The internals of PostgreSQL have been modified or supplemented to support the parallel structure of Greenplum Database. For example, the system catalog, optimizer, query executor, and transaction manager components have been modified and enhanced to be able to execute queries simultaneously across all of the parallel PostgreSQL database instances. The Greenplum interconnect (the networking layer) enables communication between the distinct PostgreSQL instances and allows the system to behave as one logical database.
Greenplum Database also can use declarative partitions and sub-partitions to implicitly generate partition constraints.
Greenplum Database also includes features designed to optimize PostgreSQL for business intelligence (BI) workloads. For example, Greenplum has added parallel data loading (external tables), resource management, query optimizations, and storage enhancements, which are not found in standard PostgreSQL. Many features and optimizations developed by Greenplum make their way into the PostgreSQL community. For example, table partitioning is a feature first developed by Greenplum, and it is now in standard PostgreSQL.
Greenplum Database stores and processes large amounts of data by distributing the data and processing workload across several servers or hosts. Greenplum Database is an array of individual databases based upon PostgreSQL 8.3 working together to present a single database image. The master is the entry point to the Greenplum Database system. It is the database instance to which clients connect and submit SQL statements. The master coordinates its work with the other database instances in the system, called segments, which store and process the data.
The following topics describe the components that make up a Greenplum Database system and how they work together.
Parent topic: Greenplum Database Concepts
The Greenplum Database master is the entry to the Greenplum Database system, accepting client connections and SQL queries, and distributing work to the segment instances.
Greenplum Database end-users interact with Greenplum Database (through the master) as they would with a typical PostgreSQL database. They connect to the database using client programs such as or application programming interfaces (APIs) such as JDBC, ODBC or libpq (the PostgreSQL C API).
The master is where the global system catalog resides. The global system catalog is the set of system tables that contain metadata about the Greenplum Database system itself. The master does not contain any user data; data resides only on the segments. The master authenticates client connections, processes incoming SQL commands, distributes workloads among segments, coordinates the results returned by each segment, and presents the final results to the client program.

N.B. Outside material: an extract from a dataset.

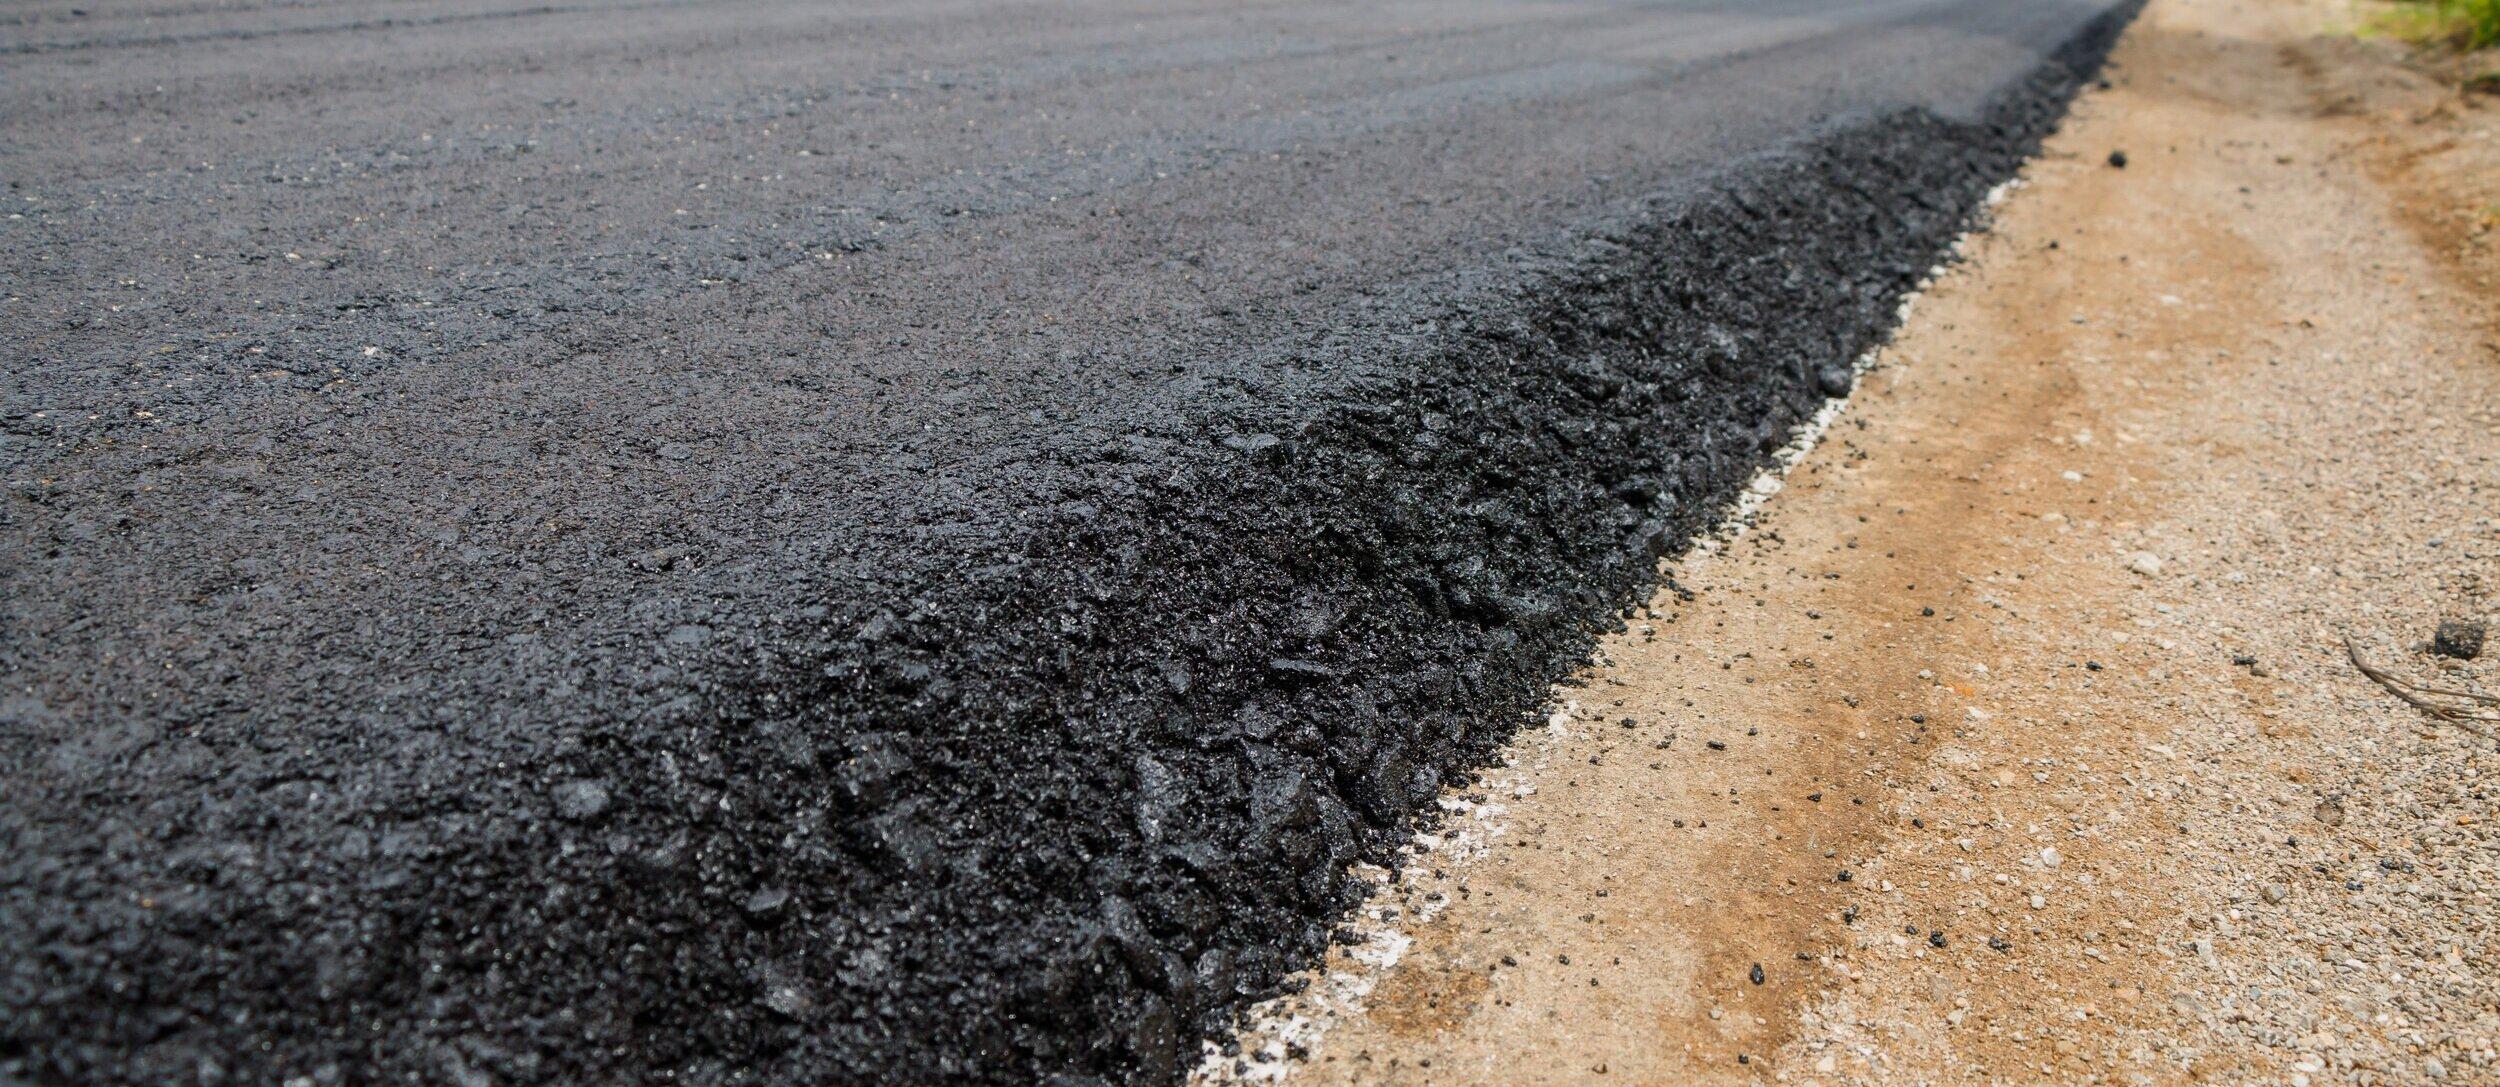 Resurfacing-Roads-Bergen-County-NJ-Riggi-Paving.jpg

Note: WAL logging is not yet available for segment mirroring.
Greenplum Database segment instances are independent PostgreSQL databases that each store a portion of the data and perform the majority of query processing.
When a user connects to the database via the Greenplum master and issues a query, processes are created in each segment database to handle the work of that query. For more information about query processes, see About Greenplum Query Processing.
User-defined tables and their indexes are distributed across the available segments in a Greenplum Database system; each segment contains a distinct portion of data. The database server processes that serve segment data run under the corresponding segment instances. Users interact with segments in a Greenplum Database system through the master.
Segments run on a servers called segment hosts. A segment host typically executes from two to eight Greenplum segments, depending on the CPU cores, RAM, storage, network interfaces, and workloads. Segment hosts are expected to be identically configured. The key to obtaining the best performance from Greenplum Database is to distribute data and workloads evenly across a large number of equally capable segments so that all segments begin working on a task simultaneously and complete their work at the same time.
The interconect is the networking layer of the Greenplum Database architecture.
The interconnect refers to the inter-process communication between segments and the network infrastructure on which this communication relies. The Greenplum interconnect uses a standard Ethernet switching fabric. For performance reasons, a 10-Gigabit system, or faster, is recommended.